Hal ini terjadi karena pelaku memiliki motif membunuh yang tidak diketahui semua orang (termasuk pembaca), misalnya: dendam masa lalu, atau korban mengetahui kesalahan fatal pelaku dan lain-lain. Petunjuk yang diberikan pun bisa saja saling berhubungan dan bahkan jika penulis berani, mengarahkan petunjuk pada pelaku sebenarnya, tapi karena penyangkalan dan ada bukti lain (sebagai pengecoh), asumsi ini bisa dimentahkan.

Pembaca tidak bisa menyimpulkan sendiri karena tidak mengetahui motif tersebut sampai pada saatnya nanti penulis membuat tabir gelap itu terang benderang.

Sebagai contoh kecil bermain dengan motif dalam membangun plot twist bisa dilihat pada cerpen Jejak-jejak Demon ini.
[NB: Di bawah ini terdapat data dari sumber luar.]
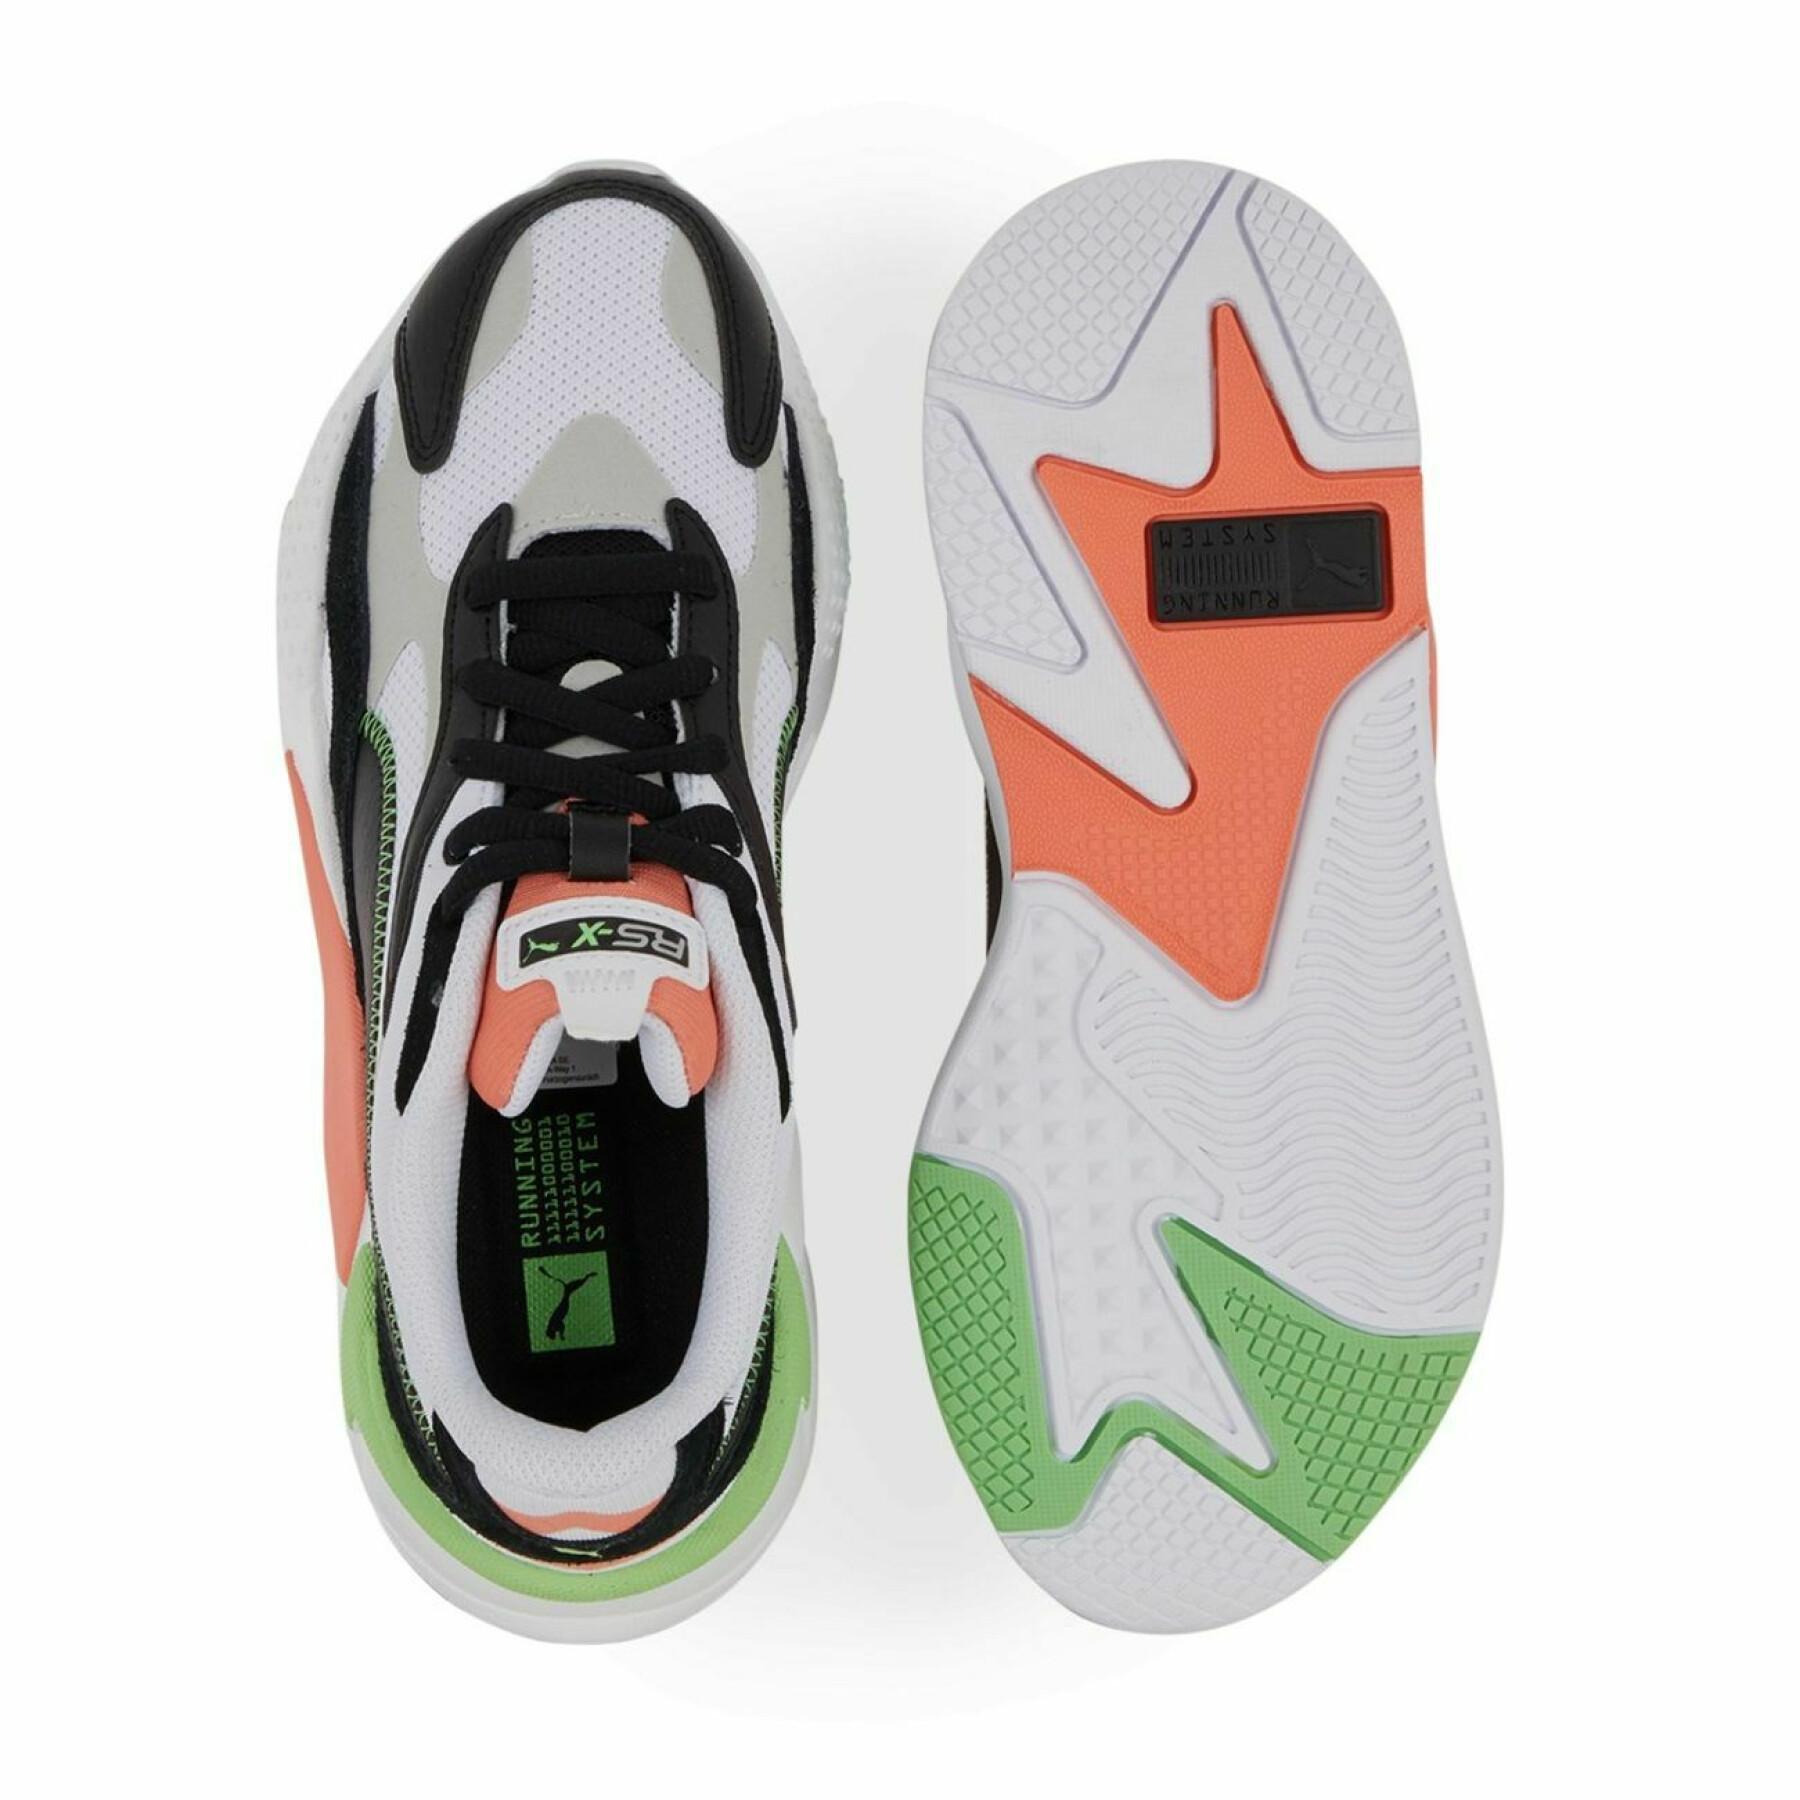 Children's sneakers Puma RS-X³ Bright

Nah pembaca sekalian, demikian contoh unsur-unsur dalam cerita yang bisa digunakan untuk membangun plot twist bertipe red herring. Kesimpulannya, dalam membuat red herring plot twist, tugas penulis adalah merangkai petunjuk-petunjuk sedemikian rupa dalam jalinan cerita untuk membuat pembaca terjebak pada kesimpulan yang salah.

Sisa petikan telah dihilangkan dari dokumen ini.